Ok my 20 and your 20 are not the same.
I was saying the large numbers didn’t make sense if you don’t have a large fleet of drives. Say you have ten servers, each with ten drives, and the MTBF is 100 million hours (yay, easy math!). That means that half your drives will have failed after 100k hours, or 11 years of use.
Some of the sites I have been looking at are saying that this number will increase significantly because 8 hours of daily use would give you about 33 years of use.
I think I like the annualized failure rate better, but I don’t think either really tell a great picture.
https://www.seagate.com/support/kb/hard-disk-drive-reliability-and-mtbf-afr-174791en/
https://ssdcentral.net/hddfail/
I would rather if the annualized rate were recalculated annually.

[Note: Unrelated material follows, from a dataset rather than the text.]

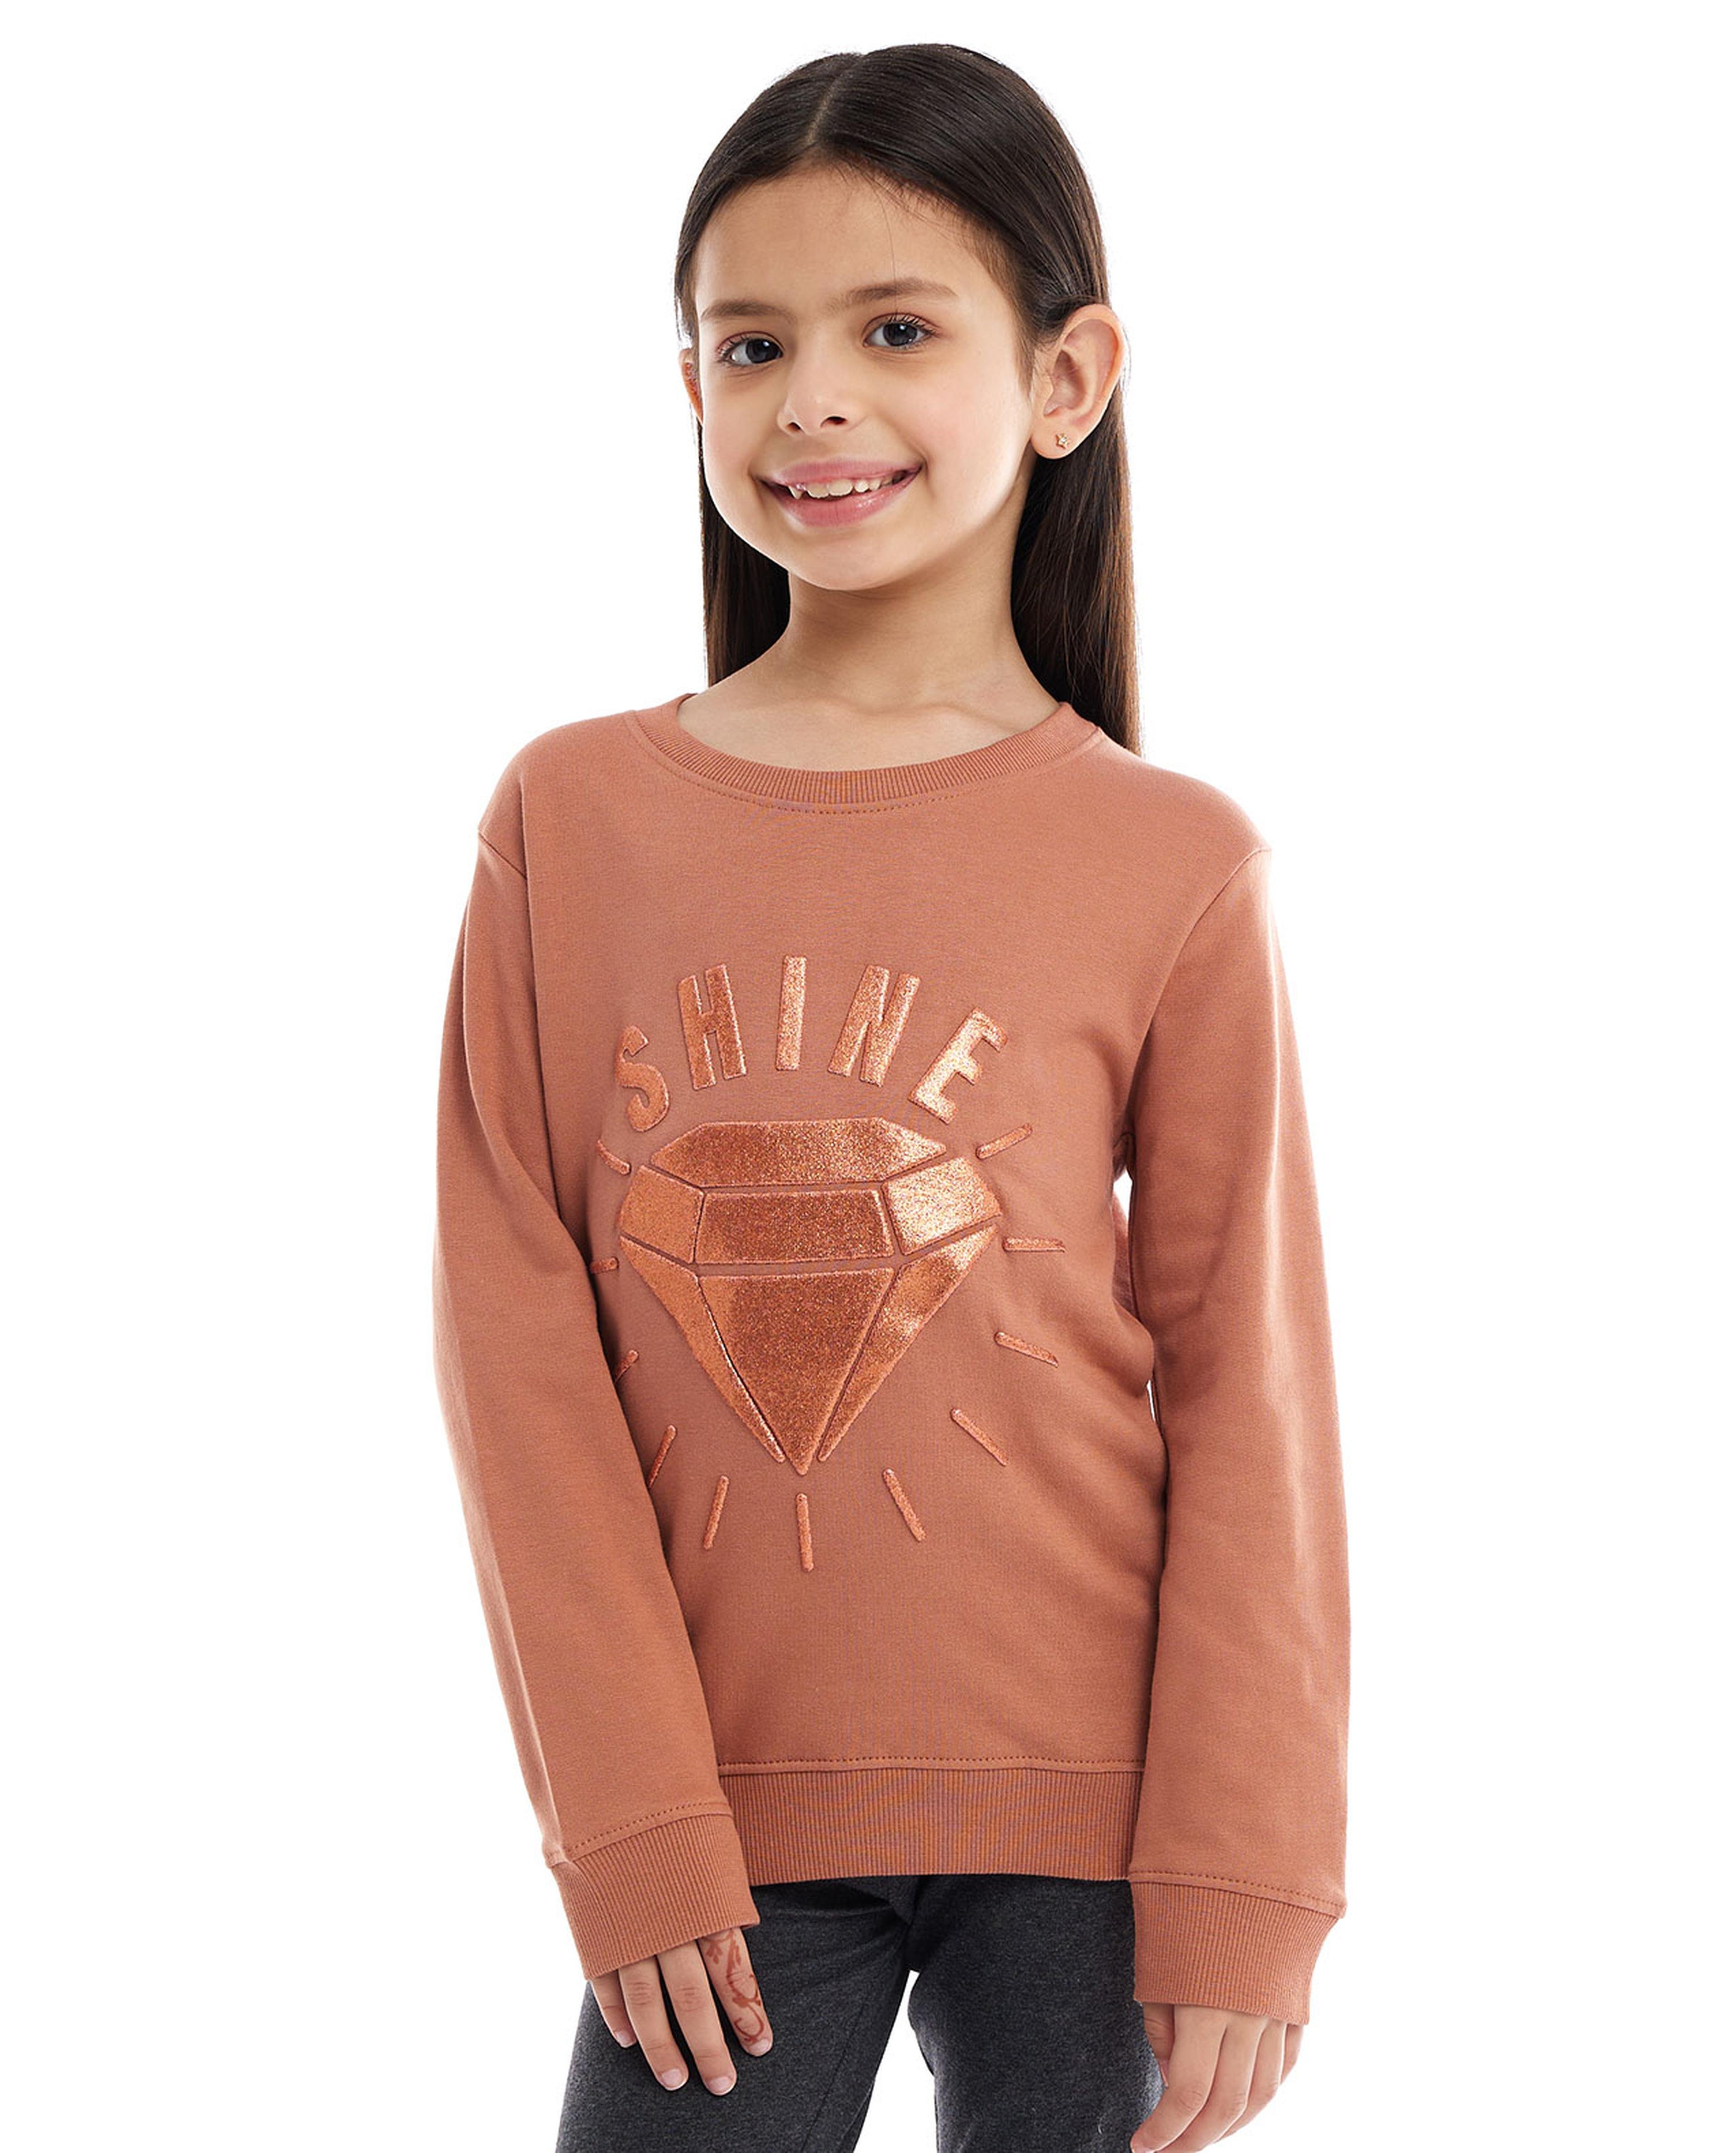 Glitter Print Sweatshirt with Crew Neck and Long Sleeves

Regarding the controllers, that has been nagging at me this whole conversation. Most SATA peripheral cards do not have heat sinks, but most SAS cards do. The SAS cards at least have a more rugged appearance.









I revived my second WAP today by soldering on a serial header and reloading the firmware. Sounds badass, but I broke it myself and then did a crap job trying to improvise and revive it the first time. I had to buy the correct tools before I could try again.
On the other hand, my SMB shares were mysteriously down this morning. Easy fix, but weird.